We built our outcome resolution layer to solve this conflict. This layer sits between an agent's raw event stream and the final invoice, interpreting complex event sequences to determine billable value. We made the case for why this layer exists in The Missing Layer in AI Agent Monetization. This post is about how we engineered it.

A simple approach, like a cron job that periodically scans a database, is guaranteed to fail. We knew from first principles that such a design collapses under real-world conditions. Its failure points are immediate and severe.

It cannot handle out-of-order or late-arriving events common in distributed systems.
It offers no clear path for handling reversals or cancellations during a settlement window.
It lacks a verifiable audit trail, making it impossible to defend a charge to a customer.
It does not scale to handle bursty, high-volume event streams from thousands of concurrent agents.

This problem's gravity makes a serious infrastructure investment unavoidable. There are no shortcuts to correctness when revenue is on the line.

Solving for Sub-10ms Ingestion Latency

The first requirement for our system was clear. Billing infrastructure must never become a performance bottleneck for the AI agents it serves. This meant accepting and acknowledging events in single-digit milliseconds. From the agent's perspective, sending a billing event had to be a fire-and-forget operation.

To achieve this, we completely decoupled event ingestion from processing. We chose Redpanda as our streaming backbone.
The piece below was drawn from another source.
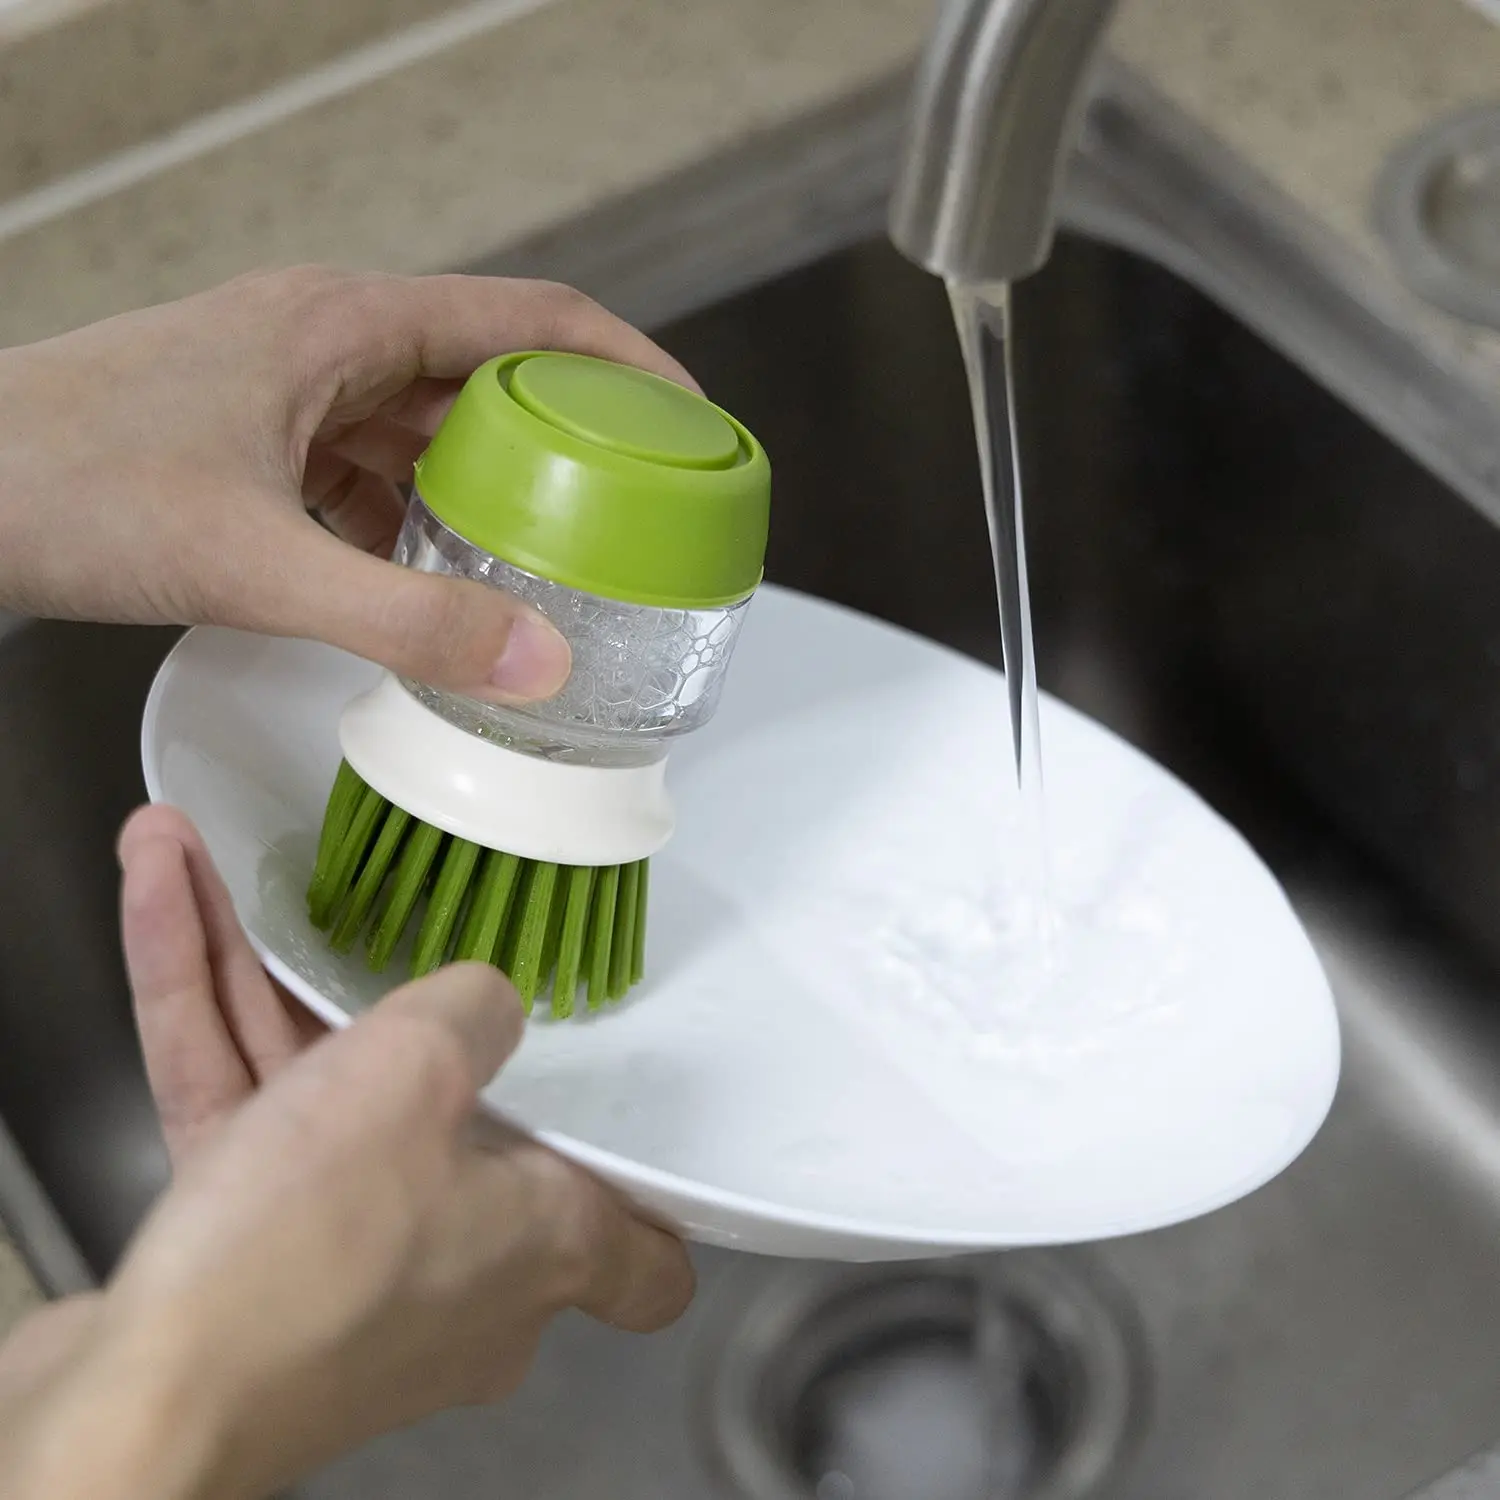 https://ae01.alicdn.com/kf/Se589547e9bdd4517929628d1cd69d1d3J/Soap-Dispensing-Dish-Brush-Soap-Dispensing-Palm-Brush-Dishwashing-Removable-Scrub-Brushes-Dish-Scrubber-with-Holder.jpg
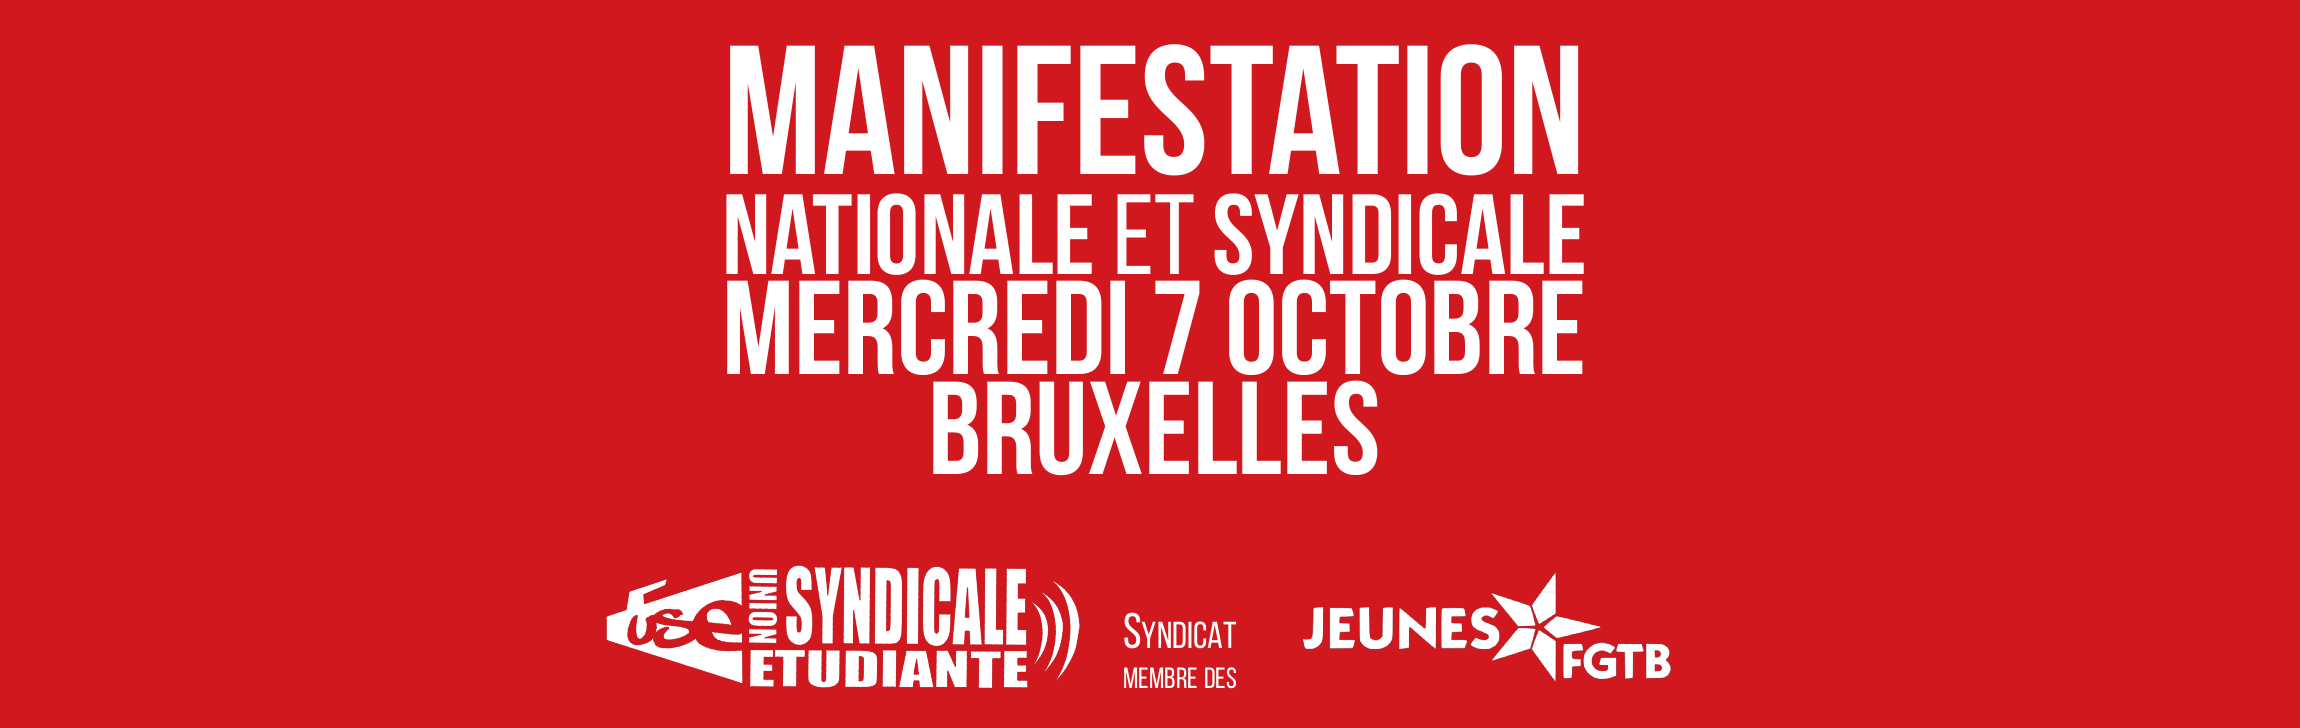 Manifestation syndicale nationale du 7 octobre 2015

When an event arrives at our API, we perform minimal validation, assign a deterministic ID and write it to a durable, ordered log in Redpanda. We then immediately return a success acknowledgment to the client. This keeps the agent's hot path clean and fast. All computationally expensive work, such as database writes, state evaluation and counter updates, happens asynchronously downstream.

Idempotency is critical in any distributed billing system. Network clients will inevitably retry requests. To prevent a single agent action from being billed multiple times, every event must be uniquely identifiable. Clients can supply an idempotency key for each event. Our ingestion pipeline derives a deterministic event ID from it and deduplicates any retried events, ensuring each action is processed only once.

Building this front door is a significant undertaking. Choosing, deploying, tuning and operating a high-throughput streaming platform like Redpanda requires specialized expertise. It represents the first major engineering investment where a simple in-house solution breaks down. This is not a weekend project. It is a core piece of production infrastructure that demands constant monitoring and operational readiness.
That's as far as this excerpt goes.